The following code works well without jit_compile=True. However, if we enable XLA compilation by adding jit_compile=True, it will throw an error. Reproduced in CoLab notebook here.

Standalone code to reproduce the issue

import tensorflow as tf
from keras import layers

class MyModule(tf.Module):
    def __init__(self):
        super().__init__()
        self.conv = layers.Conv2D(2, 1, padding='valid', dtype=tf.float64, autocast=False)

    @tf.function(jit_compile=True) # without jit_compile=True works fine
    def __call__(self, i0):
        o0 = tf.floor(i0)
        o1 = self.conv(o0)
        o2 = tf.add(o1, o0)
        return o2

def simple():
    inp = {
        "i0": tf.constant(
            3.14, shape=[1,1,3,2], dtype=tf.float64
        ),
    }
    m = MyModule()

    out = m(**inp) # Error!

    print(out)
    print(out.shape)

if __name__ == "__main__":
    simple()

Relevant log output

2022-09-18 01:33:53.096156: I tensorflow/compiler/xla/service/service.cc:173] XLA service 0x55a9ace73180 initialized for platform CUDA (this does not guarantee that XLA will be used).
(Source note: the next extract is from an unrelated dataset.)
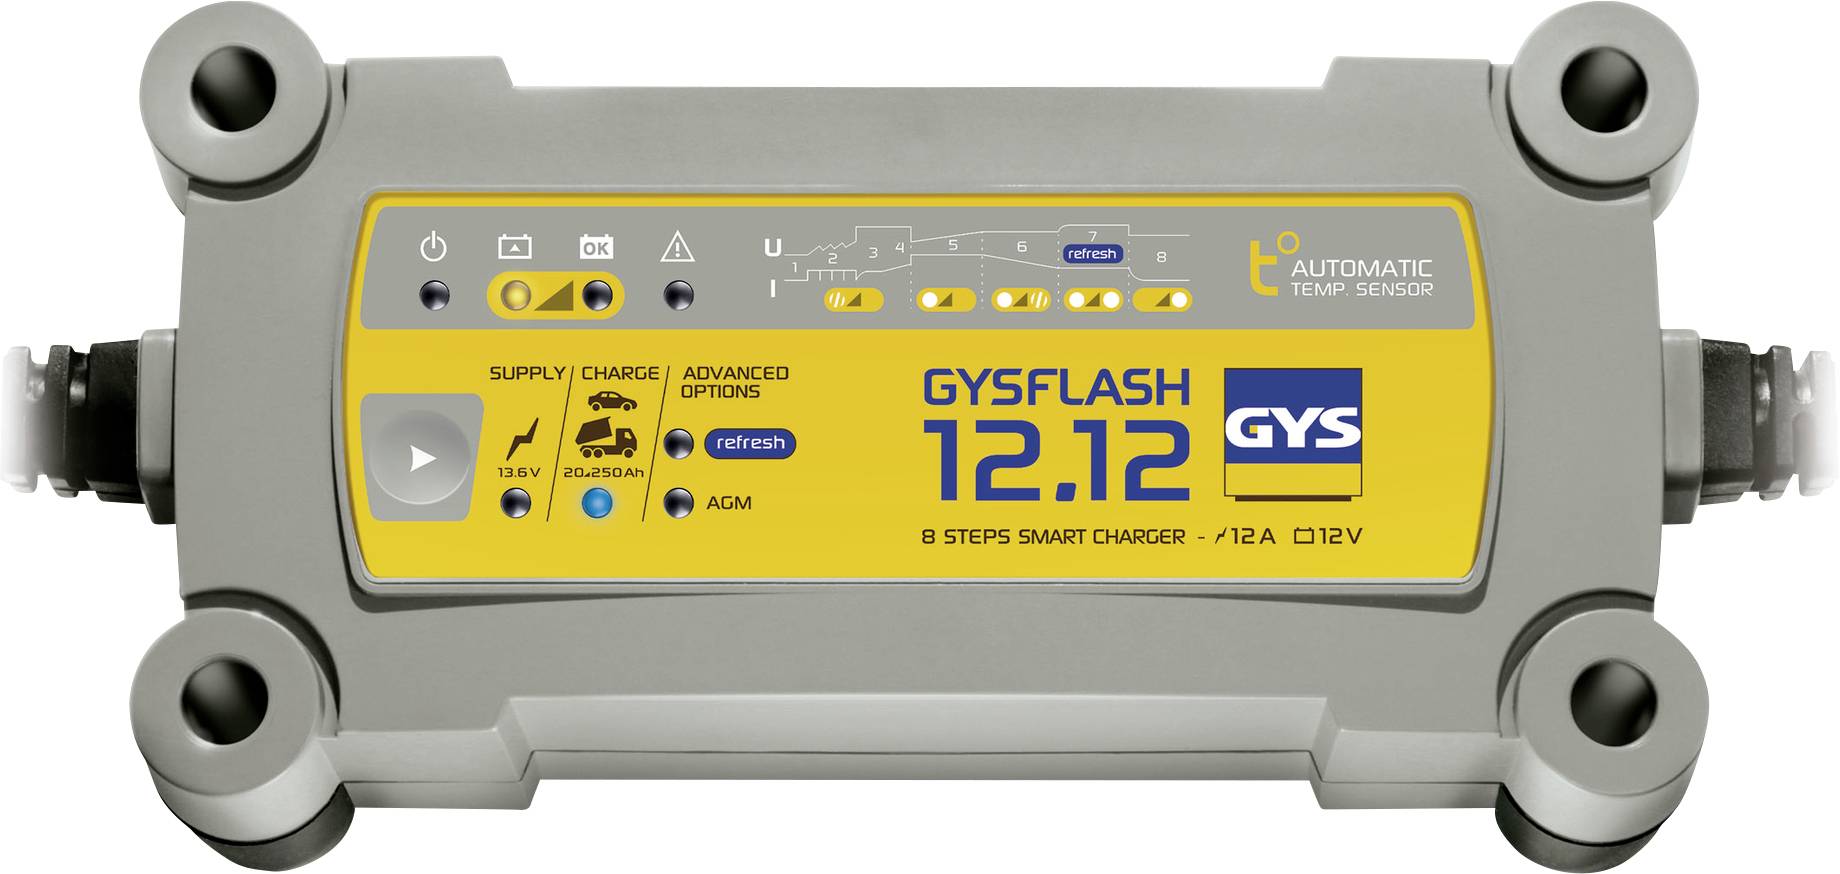 Chargeur de batterie GYSFLASH 12.12 pour batterie 12V de 20 à 250ah 029392

Devices:
2022-09-18 01:33:53.096176: I tensorflow/compiler/xla/service/service.cc:181]   StreamExecutor device (0): NVIDIA GeForce RTX 3080 Ti, Compute Capability 8.6
2022-09-18 01:33:53.098645: I tensorflow/compiler/mlir/tensorflow/utils/dump_mlir_util.cc:268] disabling MLIR crash reproducer, set env var `MLIR_CRASH_REPRODUCER_DIRECTORY` to enable.
2022-09-18 01:33:53.537659: I tensorflow/compiler/xla/stream_executor/cuda/cuda_dnn.cc:428] Loaded cuDNN version 8100
2022-09-18 01:33:54.161249: I tensorflow/compiler/xla/stream_executor/cuda/cuda_dnn.cc:5341] Disabling cuDNN frontend for the following convolution:
  input: {count: 1 feature_map_count: 2 spatial: 1 3  value_min: 0.000000 value_max: 0.000000 layout: BatchDepthYX}
  filter: {output_feature_map_count: 2 input_feature_map_count: 2 layout: OutputInputYX shape: 1 1 }
  {zero_padding: 0 0  pad_alignment: default filter_strides: 1 1  dilation_rates: 1 1 }
  ... because it uses an identity activation.
2022-09-18 01:33:54.749772: I tensorflow/compiler/jit/xla_compilation_cache.cc:476] Compiled cluster using XLA!  This line is logged at most once for the lifetime of the process.
Traceback (most recent call last):
  File "/home/colin/code/test_proj/scripts/tflite2.py", line 41, in simple
    out = m(**inp)
  File "/home/colin/miniconda3/envs/py39/lib/python3.9/site-packages/tensorflow/python/util/traceback_utils.py", line 153, in error_handler
    raise e.with_traceback(filtered_tb) from None
  File "/home/colin/miniconda3/envs/py39/lib/python3.9/site-packages/tensorflow/python/eager/execute.py", line 52, in quick_execute
    tensors = pywrap_tfe.TFE_Py_Execute(ctx._handle, device_name, op_name,
tensorflow.python.framework.errors_impl.UnknownError: CUDNN_STATUS_NOT_SUPPORTED
in tensorflow/compiler/xla/stream_executor/cuda/cuda_dnn.cc(5151): 'status' [Op:__inference___call___46]

The text was updated successfully, but these errors were encountered:

mohantym · 2022-09-19T16:26:52Z

Hi @Co1lin !
It is replicating in 2.9, 2.10 and nightly (but not in 2.8).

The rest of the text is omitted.